Abstract Details

Name: Chandranathan Anandavijayan
Affiliation: International Centre for Theoretical Sciences (ICTS),Tata Institute of Fundamental Research, Bengaluru, India
Conference ID: ASI2025_296
Title : Spectral evolution in decaying MHD turbulence: Implications for early-universe magnetic fields
Authors and Co-Authors : Pallavi Bhat 1, Chandranathan Anandavijayan 1
Abstract Type : Poster
Abstract Category : High Energy Phenomena, Fundamental Physics and Astronomy
Abstract : Magnetic fields are pervasive across the universe, existing even in cosmic voids. Observations of TeV blazar spectra in these voids indicate the presence of a magnetic field of approximately $10^{-15} G$, likely of primordial origin. Such primordial magnetic fields can significantly influence the evolution of cosmic plasma, impacting processes such as Big Bang nucleosynthesis and recombination.

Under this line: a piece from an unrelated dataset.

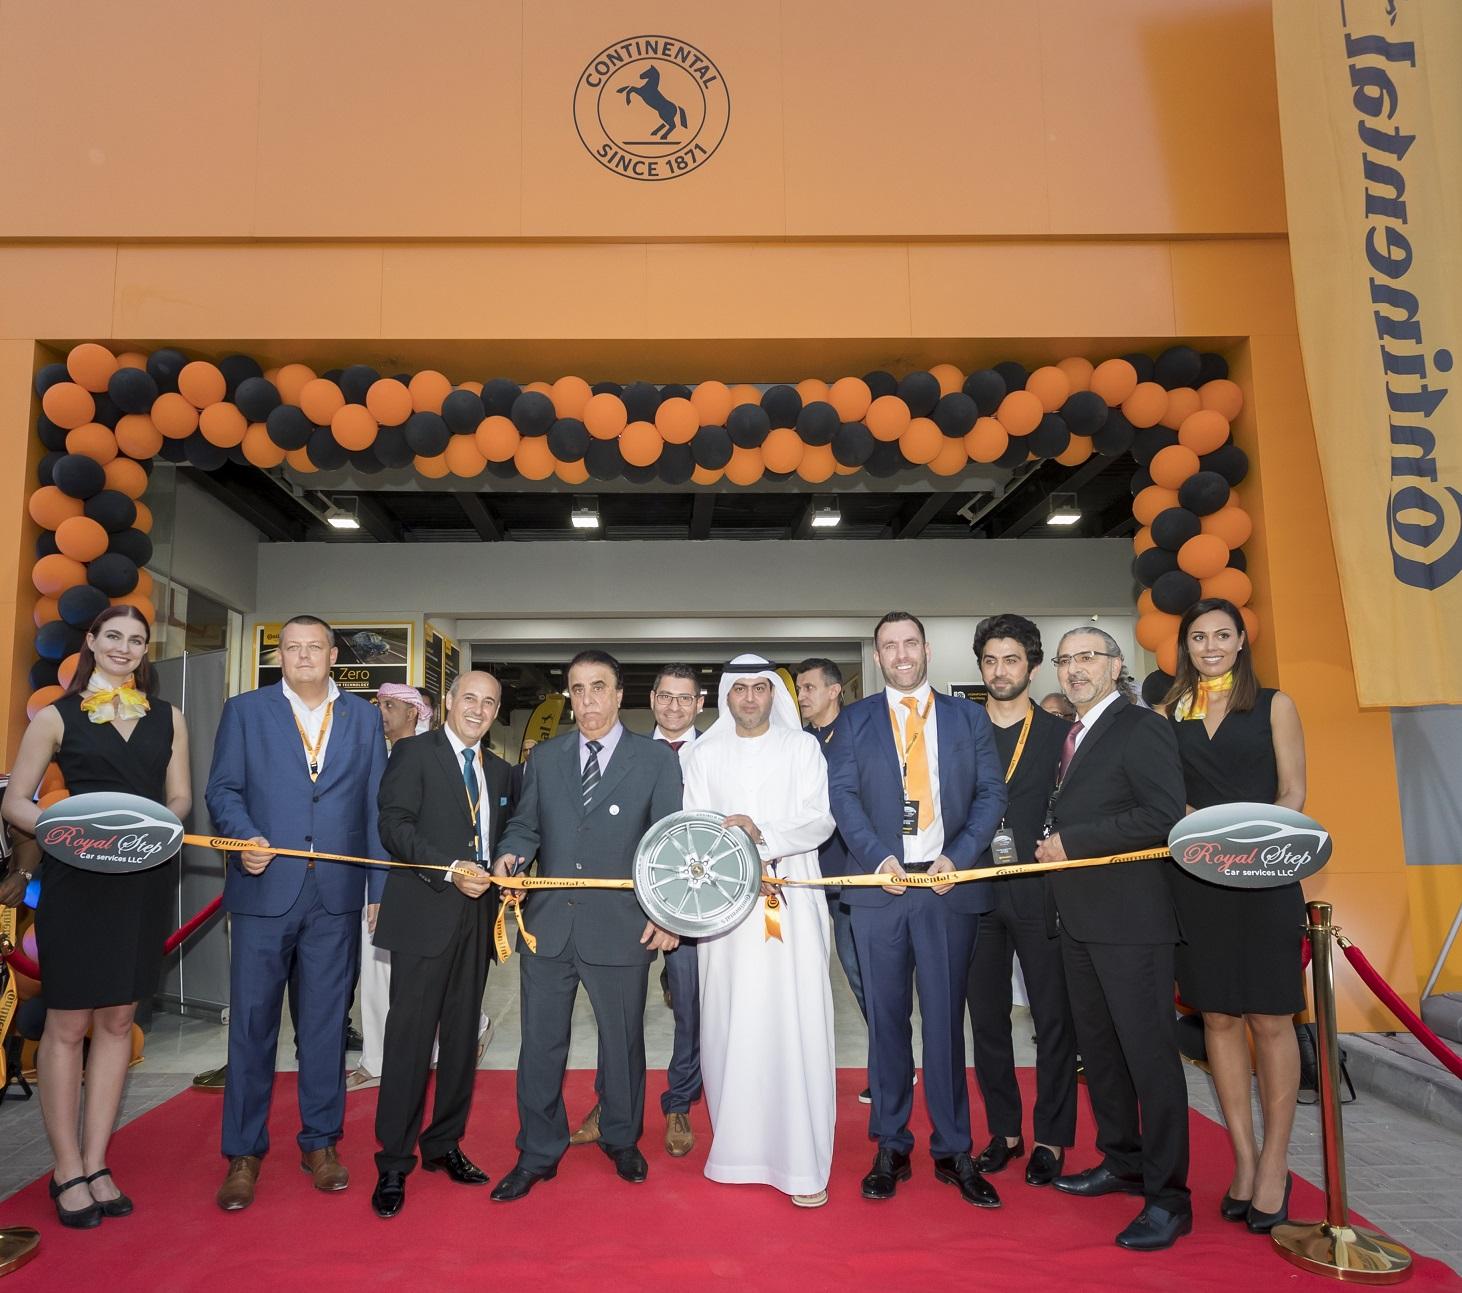 Royal Step becomes ‘Authorised Dealership’ of Continental and EUT, (L-R) , Karel Kucera, Managing Director of Continental Middle East, Hassan El Haj, Managing Director of Royal Step Car Services, Khalil Ismail Jaber, CEO at Royal Step Car Services, Khalid Abdulla Tariam, Chairman & General Manager of Dar Al Khaleej publishing house, and Shaun Smith, General Manager at EUT

In the early universe, magnetic fields may have been generated during inflation or phase transitions. Their subsequent non-linear decay is characterized by a decay timescale and is constrained by a conserved quantity. It is currently agreed that this decay proceeds via magnetic reconnection. In ideal magnetohydrodynamics (MHD), magnetic helicity is conserved; however, in the absence of magnetic helicity, it cannot constrain the decay, even though it remains conserved. This has led to debate regarding the relevant conserved quantity in this scenario. It was proposed that conservation of magnetic helicity fluctuations is relevant, but our prior work critically analyzed this claim and demonstrated that conservation of anastrophy (square of the vector potential) is the true constraint. In this study, we analytically calculate the evolution of the magnetic spectrum using piecewise power laws. To validate our results, we perform numerical simulations with the pseudo-spectral solver DEDALUS. The resulting scaling relations confirm the true conserved quantity. This finding is significant not only for advancing our understanding of decaying MHD turbulence but also for early-universe physics.